§ **How to complete this task**
A faithful copy of the data, pictures omitted, is the required answer.

§ **Dataset extract**

━━━━━━━━━━━━━━━━

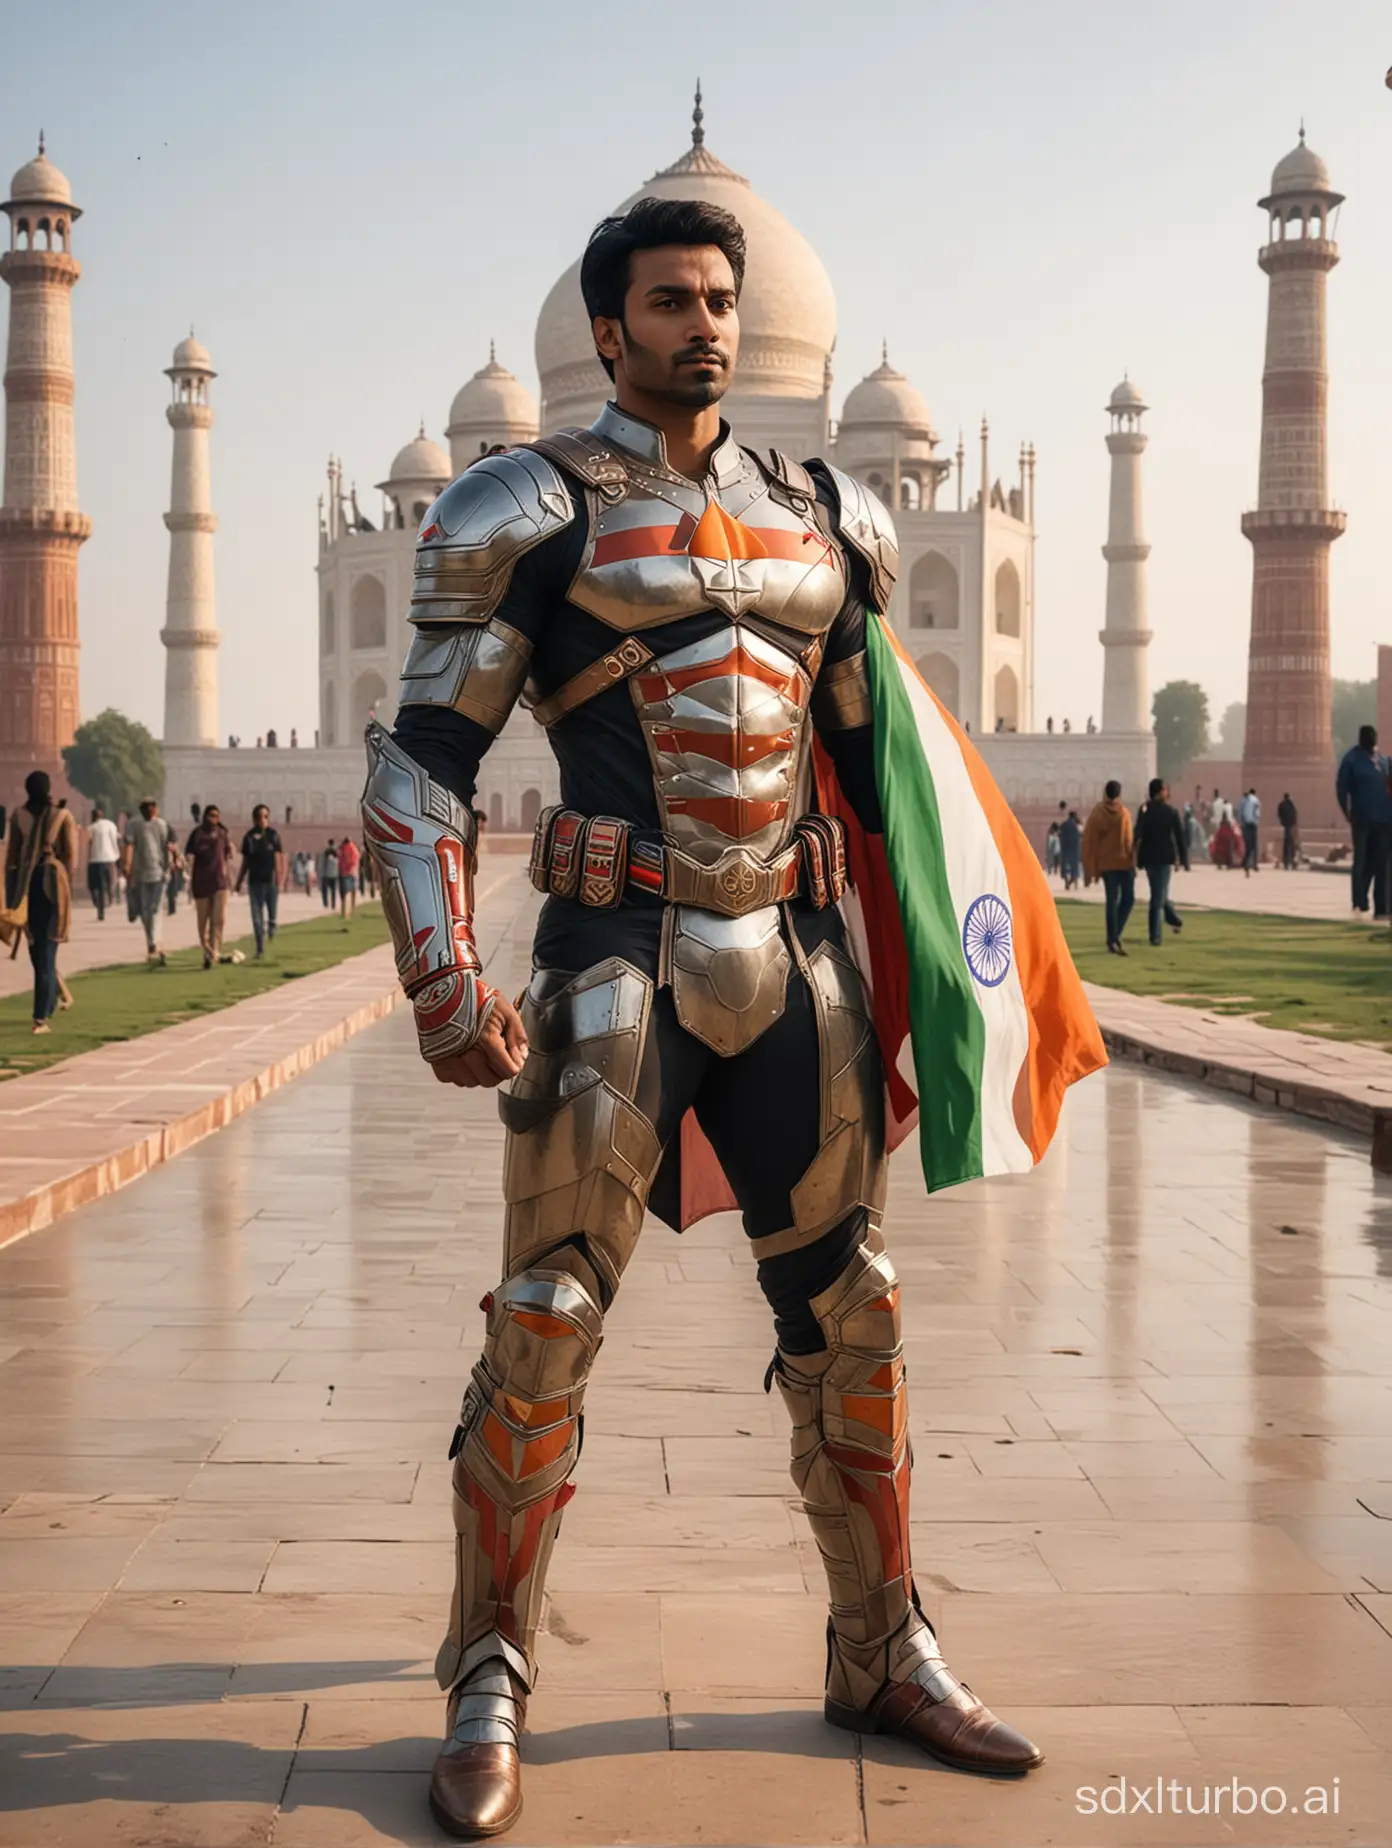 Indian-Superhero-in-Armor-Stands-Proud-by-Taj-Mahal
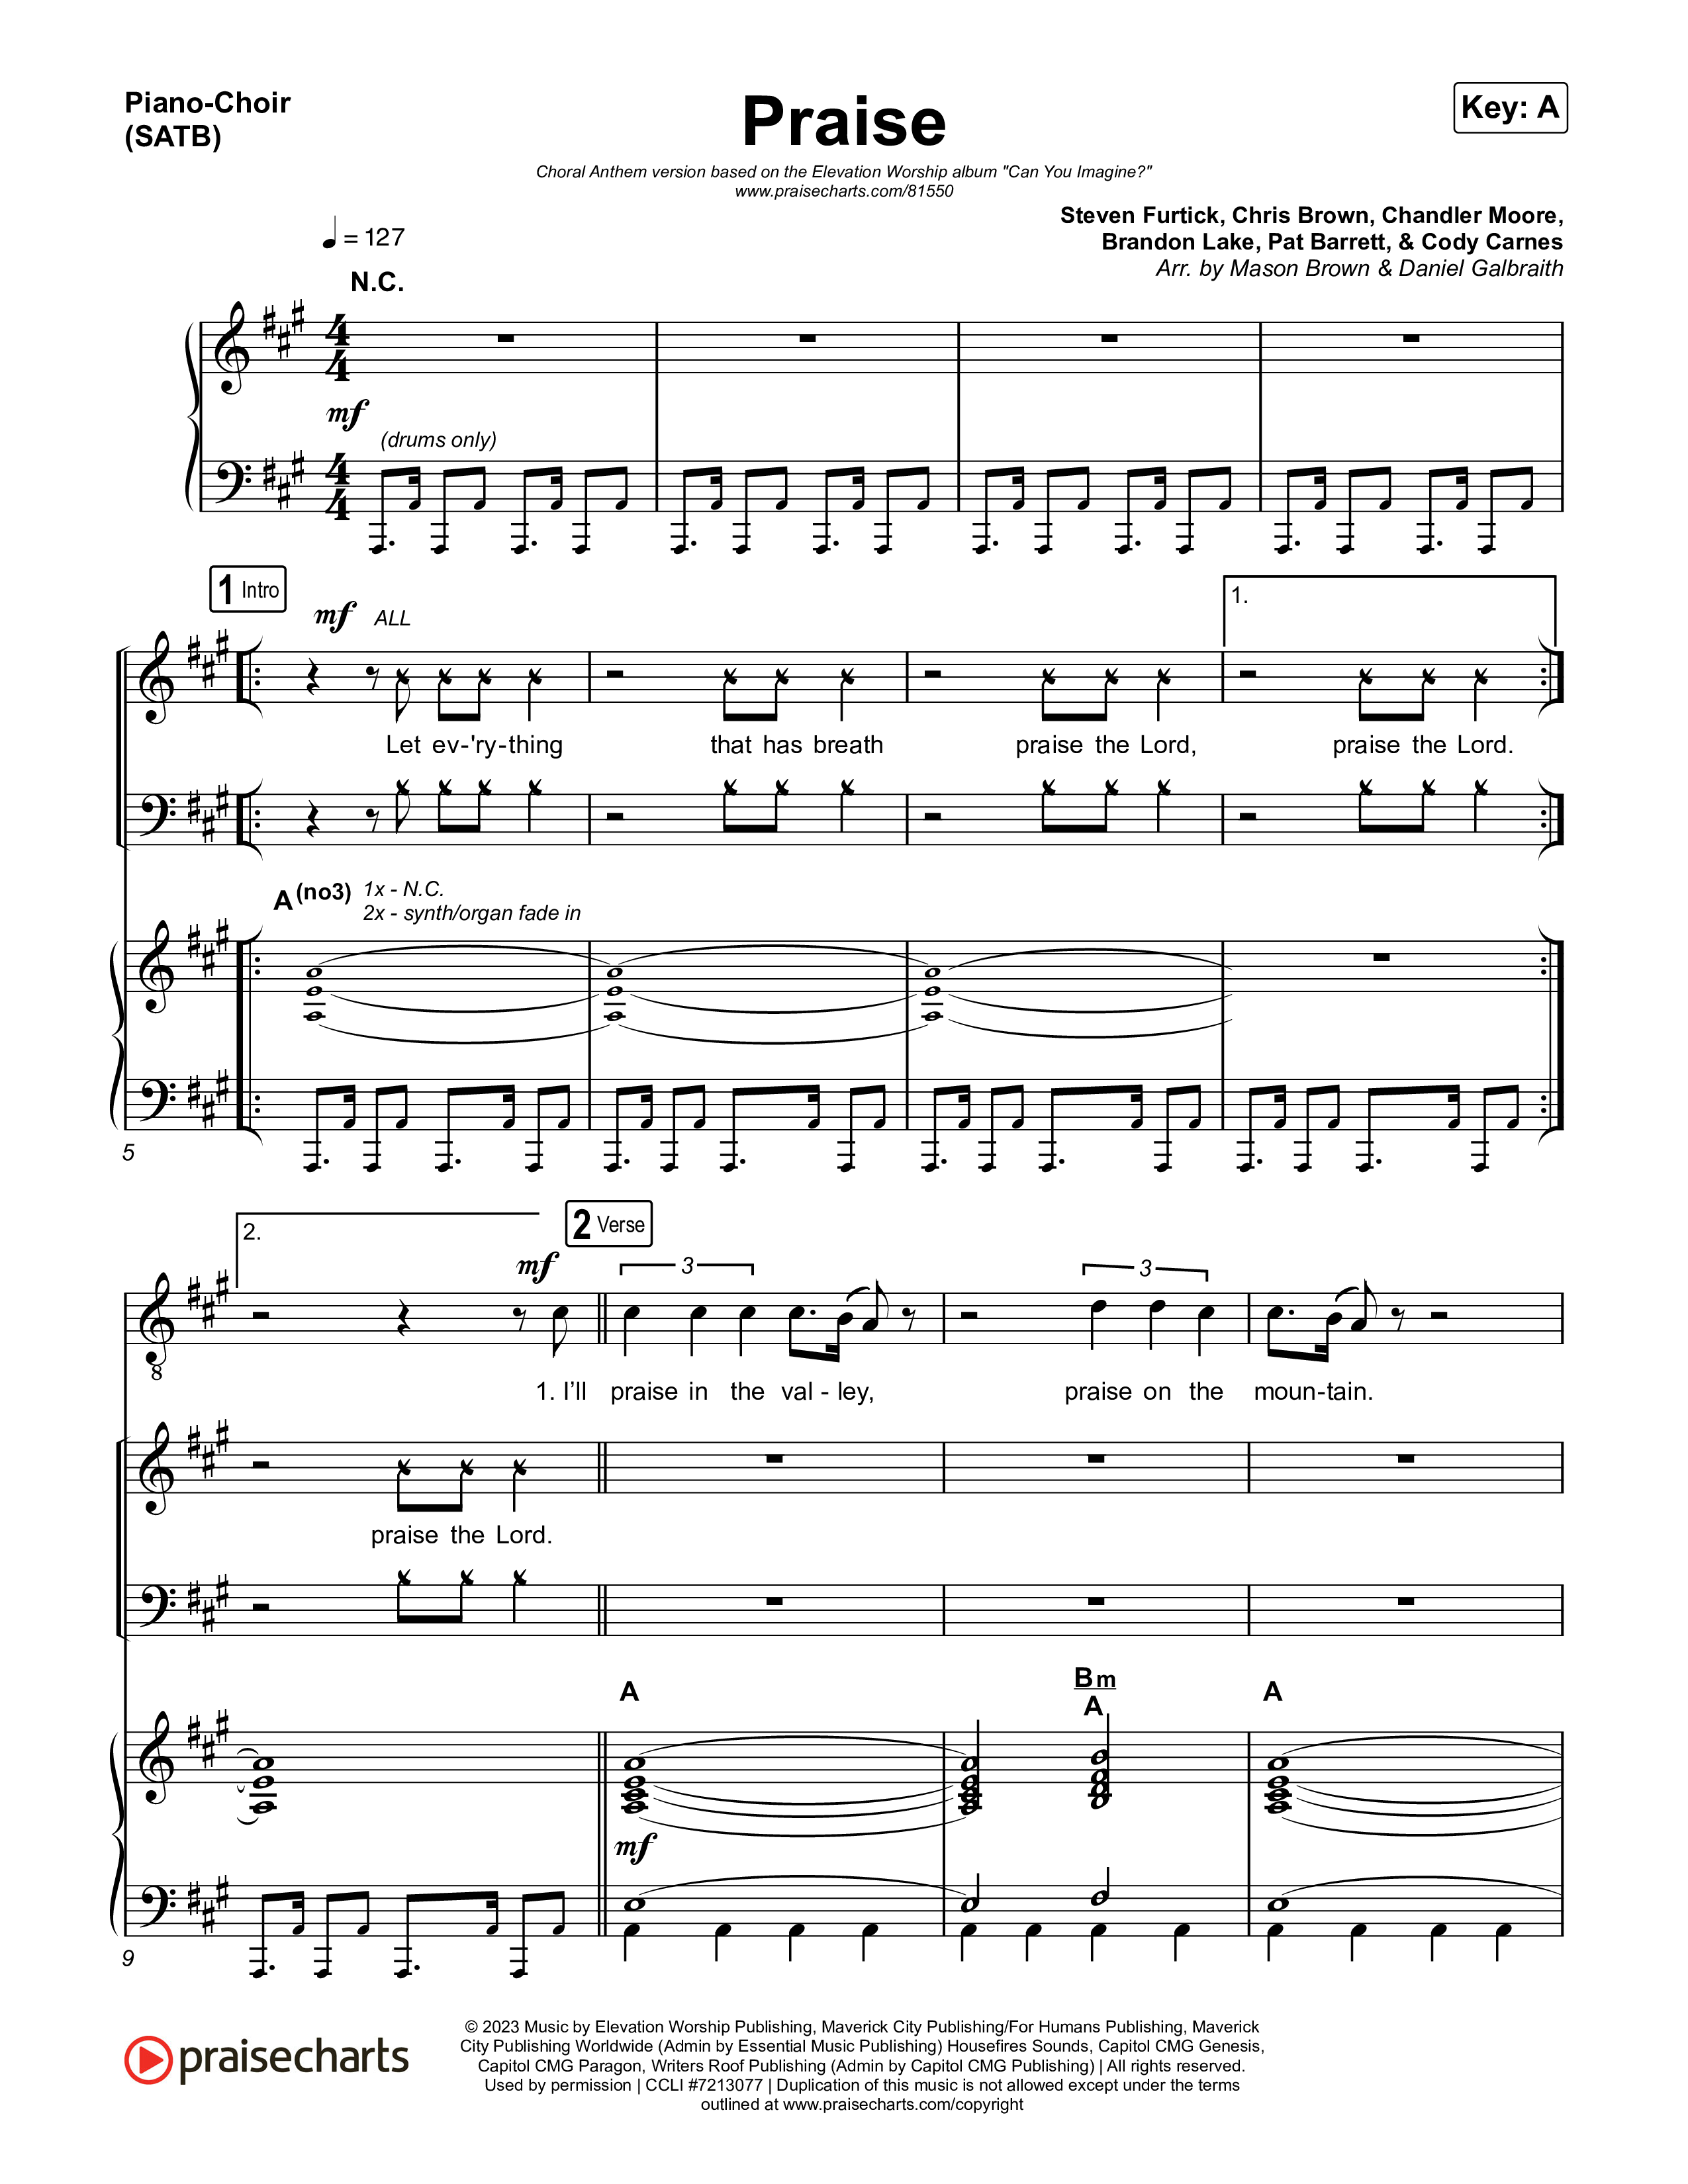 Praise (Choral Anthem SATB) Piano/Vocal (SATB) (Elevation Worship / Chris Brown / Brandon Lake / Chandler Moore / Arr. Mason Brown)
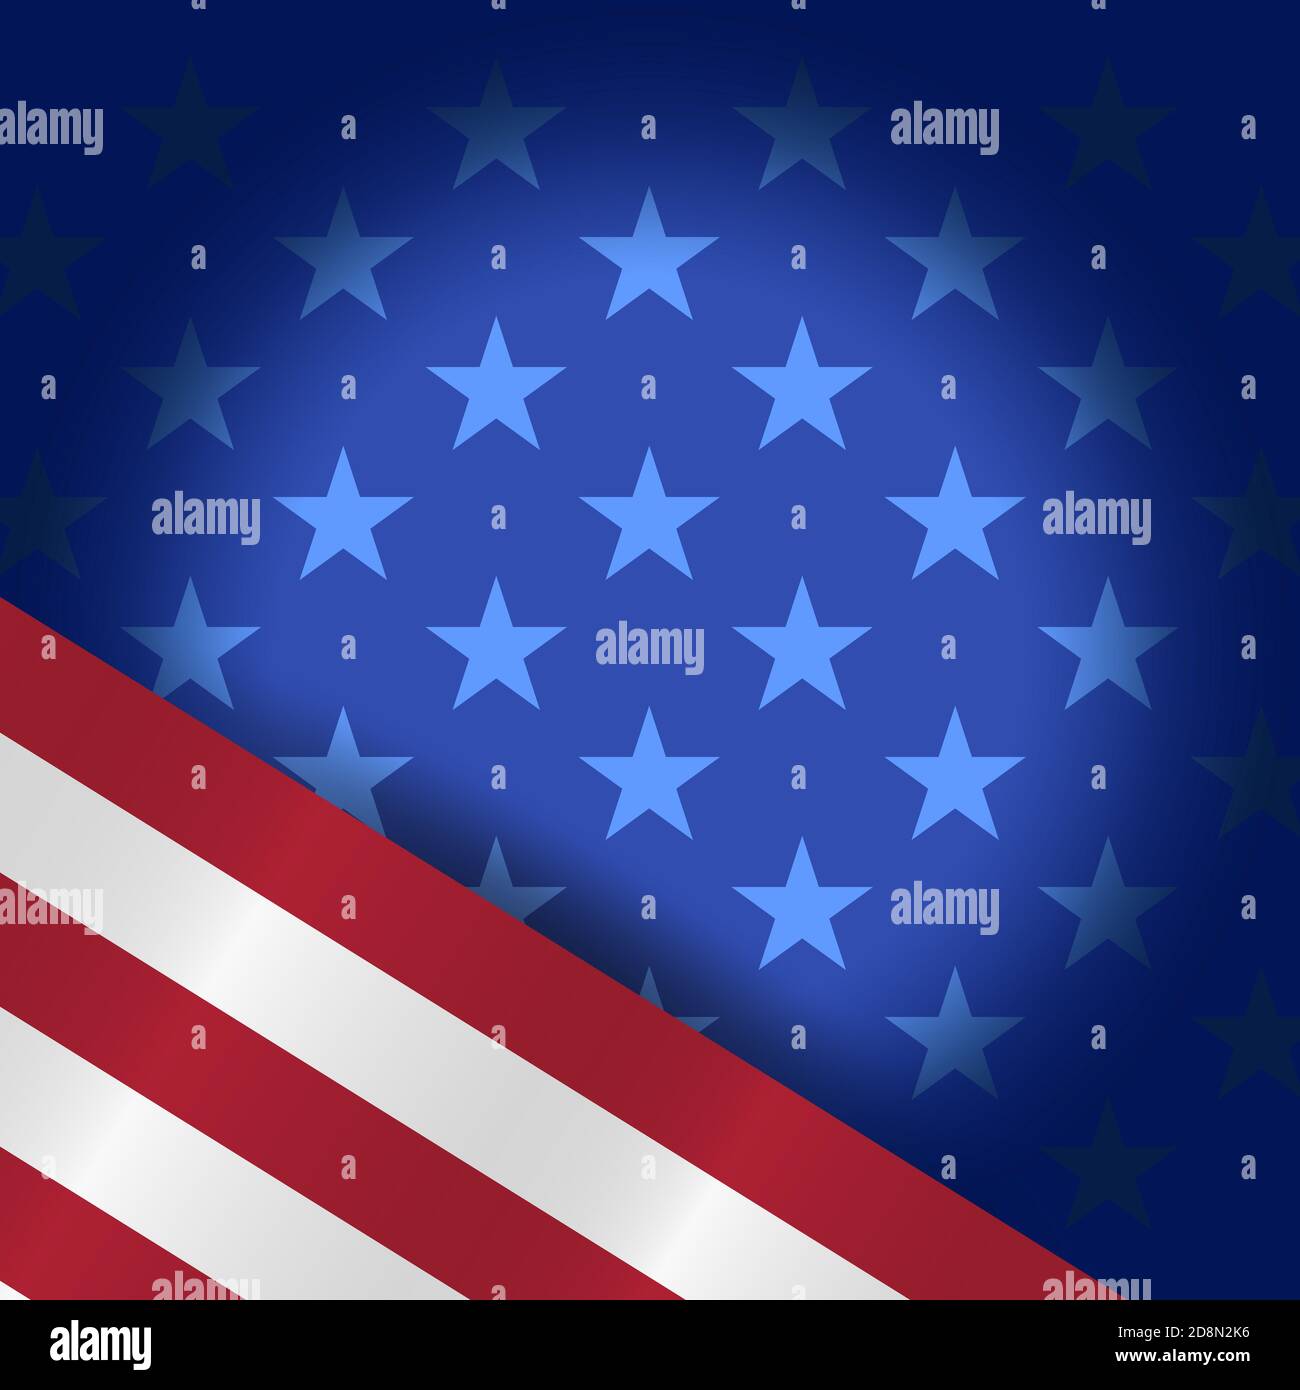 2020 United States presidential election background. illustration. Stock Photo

━━━━━━━━━━━━━━━━

§ **Answer to this exercise**
 Indian-Superhero-in-Armor-Stands-Proud-by-Taj-Mahal
 Praise (Choral Anthem SATB) Piano/Vocal (SATB) (Elevation Worship / Chris Brown / Brandon Lake / Chandler Moore / Arr. Mason Brown)
 2020 United States presidential election background. illustration. Stock Photo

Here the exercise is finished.